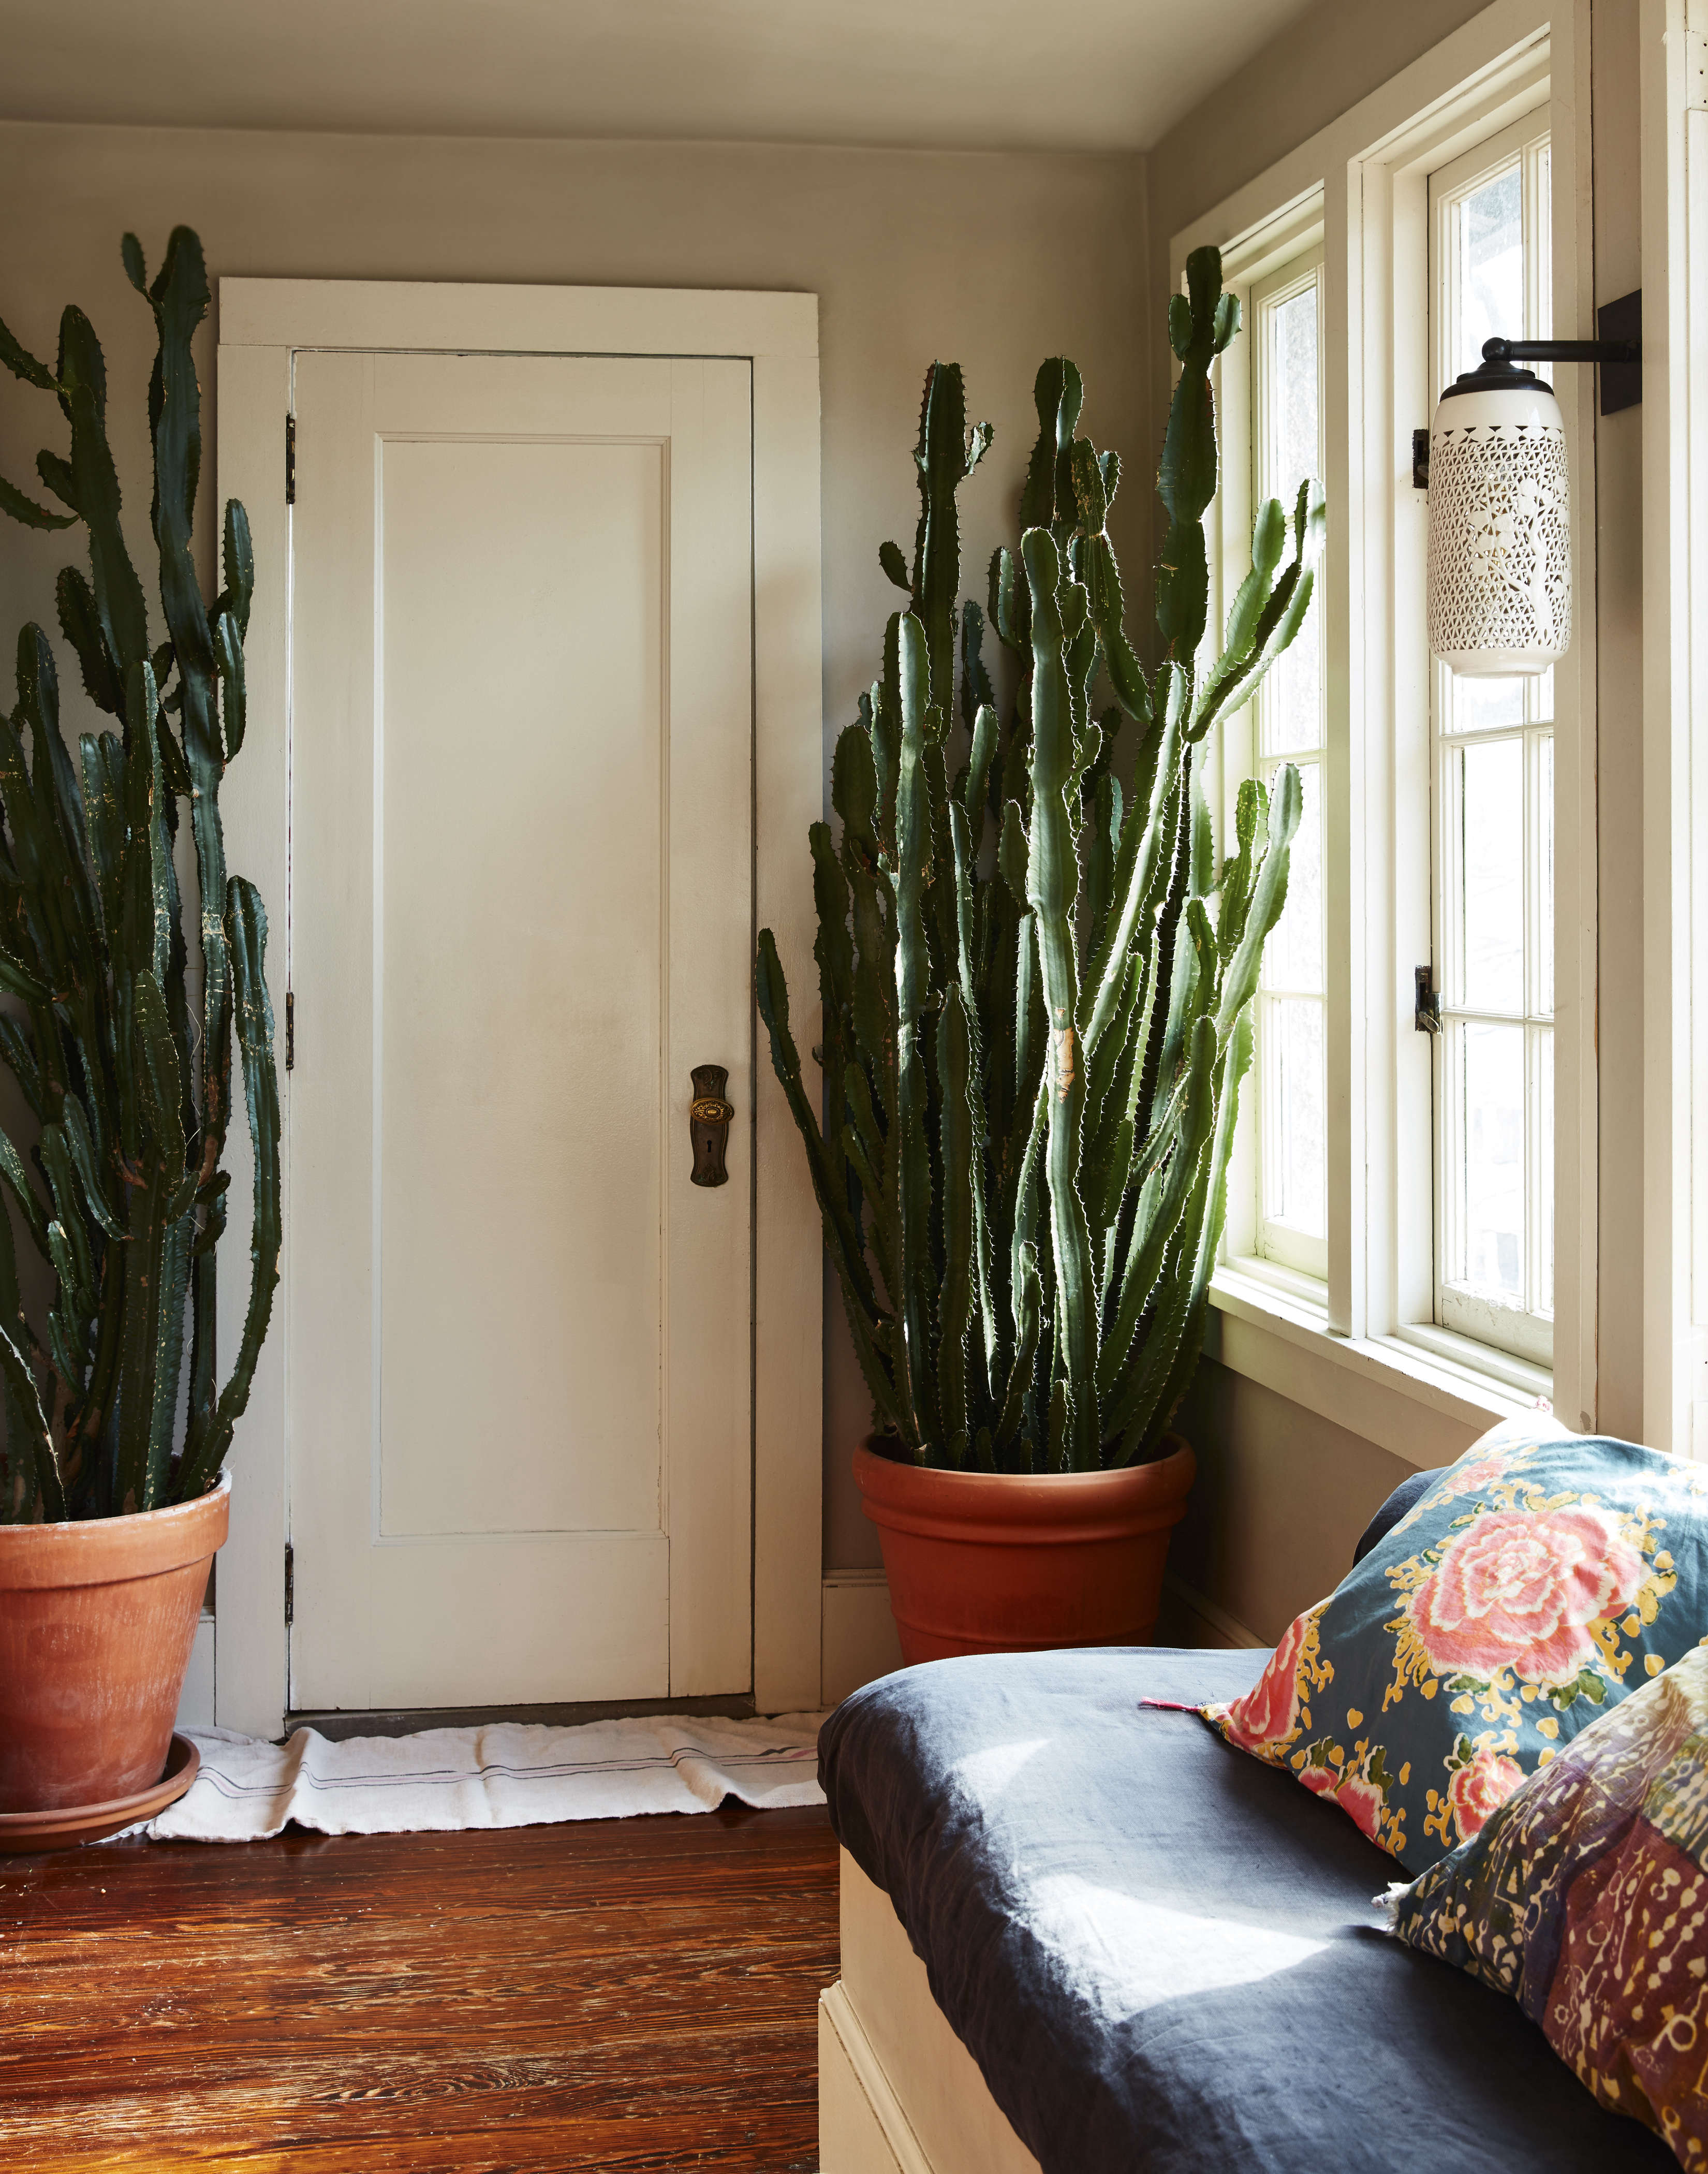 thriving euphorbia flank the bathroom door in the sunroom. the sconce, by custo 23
---
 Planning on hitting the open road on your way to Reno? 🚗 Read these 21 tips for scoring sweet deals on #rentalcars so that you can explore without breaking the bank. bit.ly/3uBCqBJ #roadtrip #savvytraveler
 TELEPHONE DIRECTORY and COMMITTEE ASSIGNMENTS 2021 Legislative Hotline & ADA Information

WHAT YOU HAVE TO DO ::
All that should be written out is the stretch of lines above between the one holding "Planning on hitting" and the one holding "TELEPHONE DIRECTORY and", inclusive, exactly as given.

TASK SOLUTION ::
 Planning on hitting the open road on your way to Reno? 🚗 Read these 21 tips for scoring sweet deals on #rentalcars so that you can explore without breaking the bank. bit.ly/3uBCqBJ #roadtrip #savvytraveler
 TELEPHONE DIRECTORY and COMMITTEE ASSIGNMENTS 2021 Legislative Hotline & ADA Information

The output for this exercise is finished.